The Association of British Orchestras is arranging a series of training seminars to teach musicians how to avoid damaging their hearing when playing.

The problem is not a new one - anecdotal evidence suggests that musicians have long been aware of the fact that deafness is an occupational hazard - but new European regulations to be introduced in 2006 will reduce the noise level to which workers can legally be exposed. That means that orchestra managers will have to make sure that working conditions for musicians conform to the new regulations which poses difficult technical problems.

According to research commissioned by the ABO many orchestral players are routinely exposed to noise levels which will damage their hearing: the problem is particularly acute for orchestras which play in pits which can amplify sound levels.

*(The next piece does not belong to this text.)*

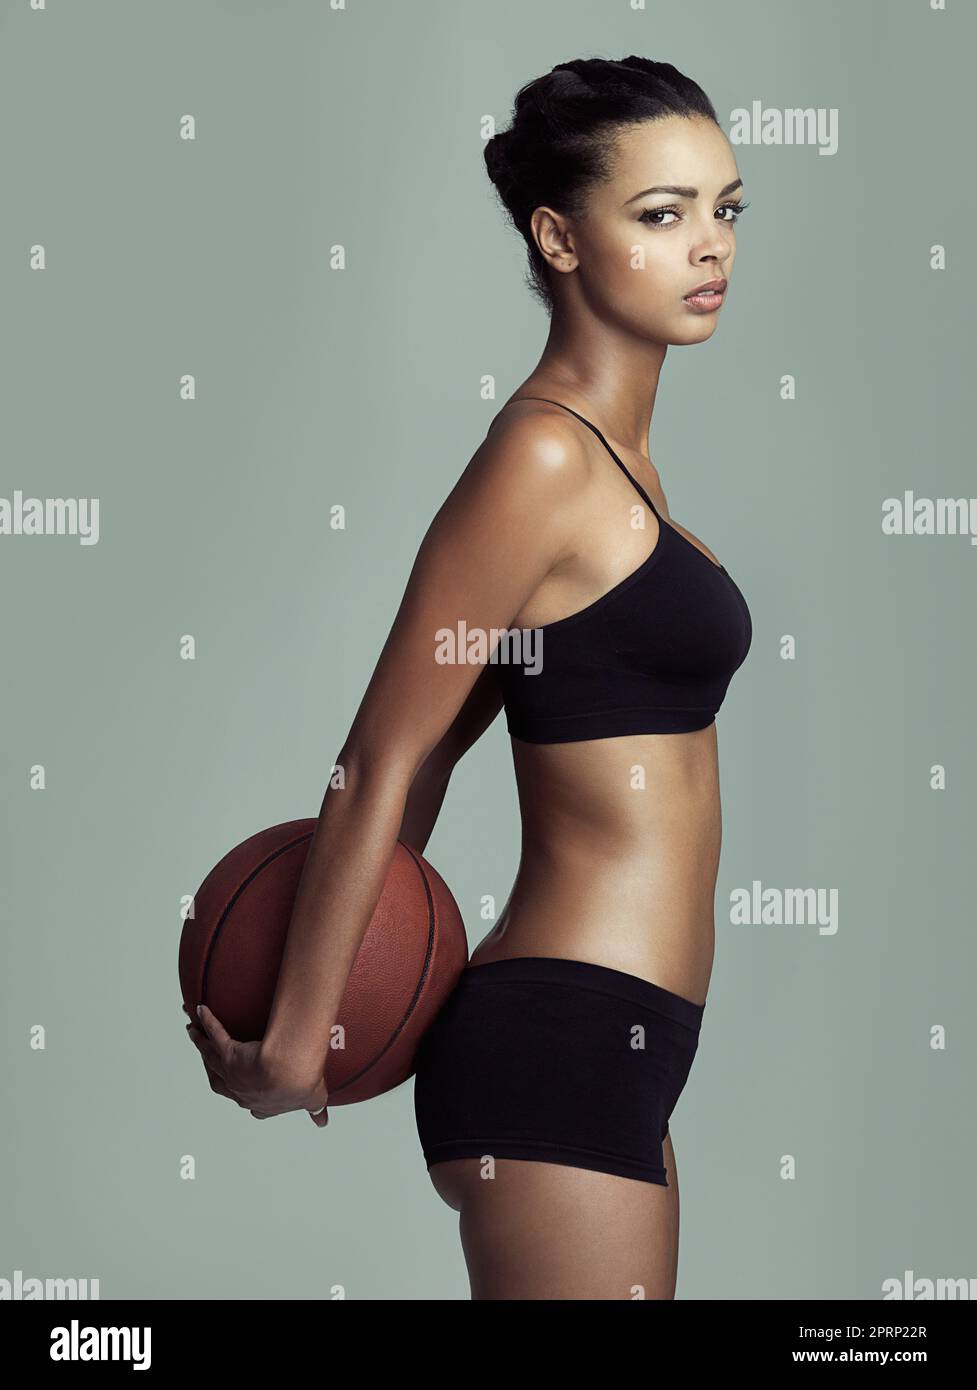 Gesund und fit bleiben der Ball liegt auf deinem Platz. Studio-Aufnahme eines jungen Basketballspielers vor grauem Hintergrund. Stockfoto

Some orchestras are already trying to mitigate the problem using new techniques the Birmingham Royal Ballet orchestra has tried novel positioning of instruments - for instance by putting brass players on small pedestals so that musicians positioned in front of them don't receive the full blast of sound - and is shortly to pioneer the use of special soundproofing screens which can produce a lower sound "microclimate" around an individual player or group of players.

The director of the Birmingham Royal ballet orchestra, John Beadle, told us :"With the new legislation this is bound to become a bigger issue. We've got three to four years to get our house in order". But it's not going to be easy. Alison Wright-Reid, a health and safety consultant who is an expert in noise damage told Today :" In three to four years time the permitted sound levels will drop to less than one third of what they are now". But Ms Wright-Reid also pointed out that while workers, including musicians, are covered under the legislation, audiences are not classical music lovers don't have to worry - even the loudest concerts rarely get near permitted levels - but youngsters who attend rock concerts or who go clubbing are at much greater risk.

At some clubs noise levels have been recorded which at 120 decibels are far in excess of the current UK industrial limit of 90db. Even short exposure to a sound level of 120 decibels will permanently damage hearing.